In the waveguide system 500, the first node 202A is coupled to first waveguide stub 302A that is coupled to first communication interface 304. The second node 212A is coupled to second waveguide stub 312A that is coupled to a second communication interface 314. The third node 202B is coupled to third waveguide stub 302B that is coupled to the first communication interface 304. The fourth node 212B is coupled to fourth waveguide stub 312B that is coupled to the second communication interface 314. The first communication interface 304 and the second communication interface 314 are coupled to opposite ends of the waveguide 410. Thus, the first communication path 406A can include the first waveguide stub 302A, the first communication interface 304, the waveguide 410, the second communication interface 314, and the second waveguide stub 312A. The second communication path 406B can include the third waveguide stub 302B, the first communication interface 304, the waveguide 410, the second communication interface 314, and the fourth waveguide stub 312B. The first communication interface 304 and the second communication interface 314 can be couplers 67, 67a, 67b of FIG. 2 that connect two or more network segments together. Although only the first node group 204 and the second node group 214 are depicted in FIG. 6, it will be understood that additional node groups can be added to the waveguide system 500, and additional nodes can be added to each node group.

FIG. 7 is a schematic view of a waveguide system 600 with a redundant ring topology and redundant nodes in accordance with an embodiment of the disclosure.
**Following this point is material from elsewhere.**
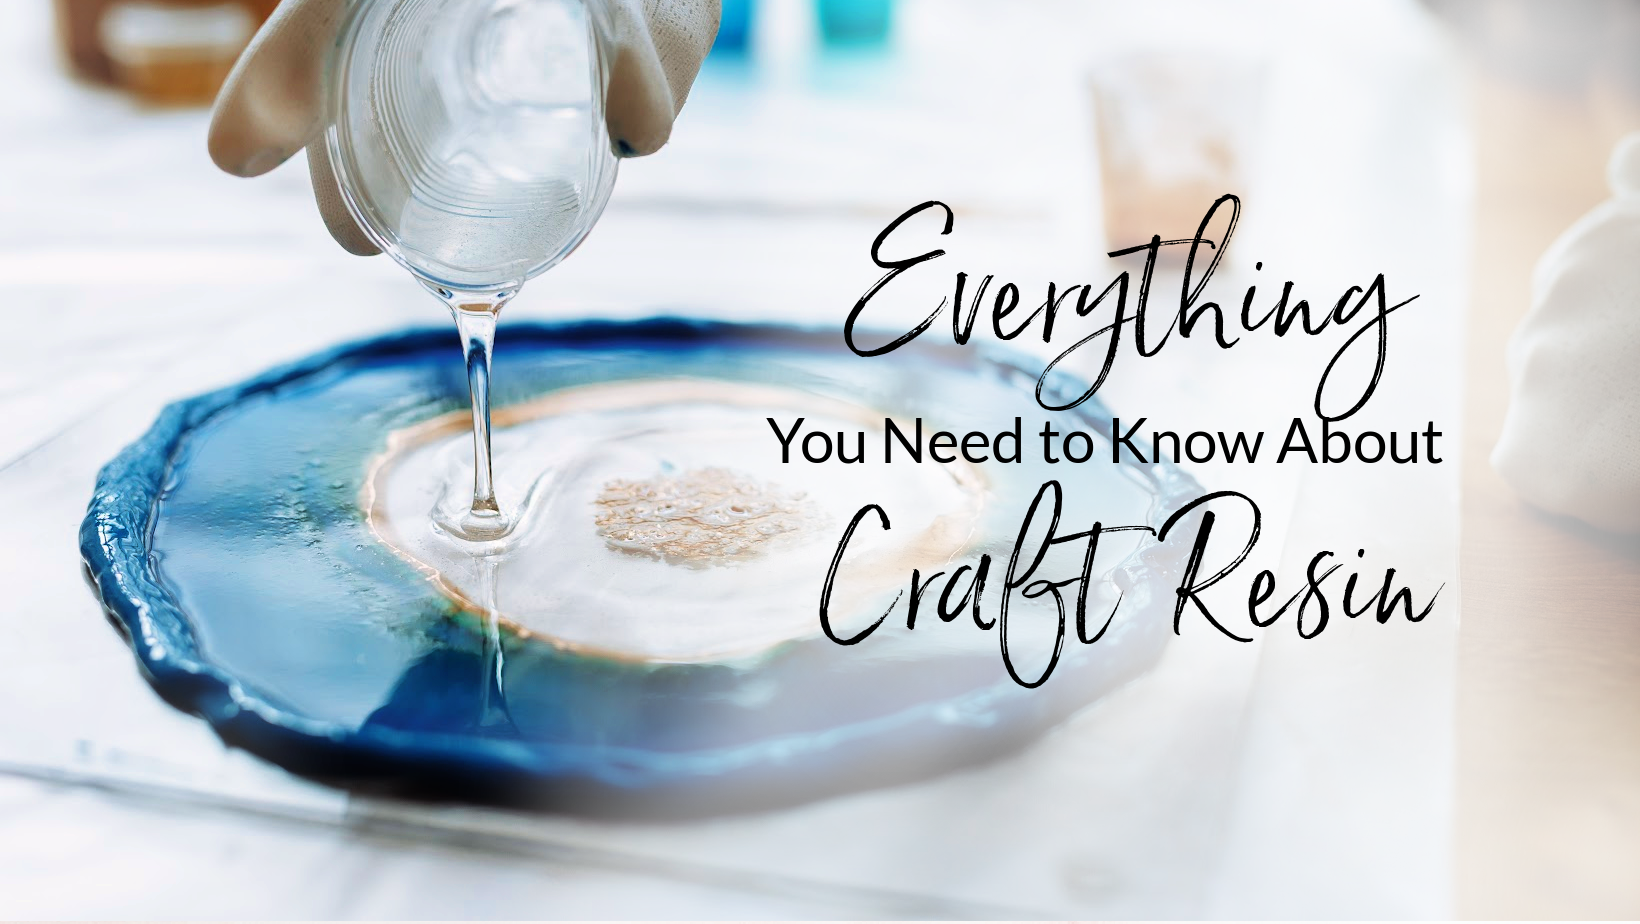 Epoxy Resin 101 – Everything You Need to Know About Craft Resin

The waveguide system 600 includes a first communication path 606A with a first waveguide 610A in a first ring topology and a second communication path 606B with a second waveguide 610B in a second ring topology. The first communication path 606A can connect first node 202A of first node group 204, second node 212A of second node group 214, and one or more first-path nodes 222A of one or more additional node groups 224 in a communication loop. The second communication path 606B can connect third node 202B of first node group 204, fourth node 212B of second node group 214, and one or more second-path nodes 222A of one or more additional node groups 224 in a communication loop. The first waveguide 610A and the second waveguide 610B may each support bidirectional communication. Although only the three node groups are depicted in FIG. 7, it will be understood that additional node groups can be added to the waveguide system 600, and additional nodes can be added to each node group.

FIG. 8 is a schematic view of a waveguide system 700 with a redundant wired connection and redundant nodes in accordance with an embodiment of the disclosure. The waveguide system 700 includes first node 202A and second node 212A configured to establish a first communication path 706A through a waveguide 710. Third node 202B and fourth node 212B can also communicate through the first communication path 706A through waveguide 410 in a machine, such as the gas turbine engine 20 of FIG. 1. The first node 202A is grouped with the third node 202B as first node group 204, and the second node 212A is grouped with the fourth node 212B as second node group 214. In the waveguide system 700, the first node 202A is coupled to first waveguide stub 302A that is coupled to first communication interface 304. The second node 212A is coupled to second waveguide stub 312A that is coupled to a second communication interface 314. The third node 202B is coupled to third waveguide stub 302B that is coupled to the first communication interface 304. The fourth node 212B is coupled to fourth waveguide stub 312B that is coupled to the second communication interface 314. The first communication interface 304 and the second communication interface 314 are coupled to opposite ends of the waveguide 410.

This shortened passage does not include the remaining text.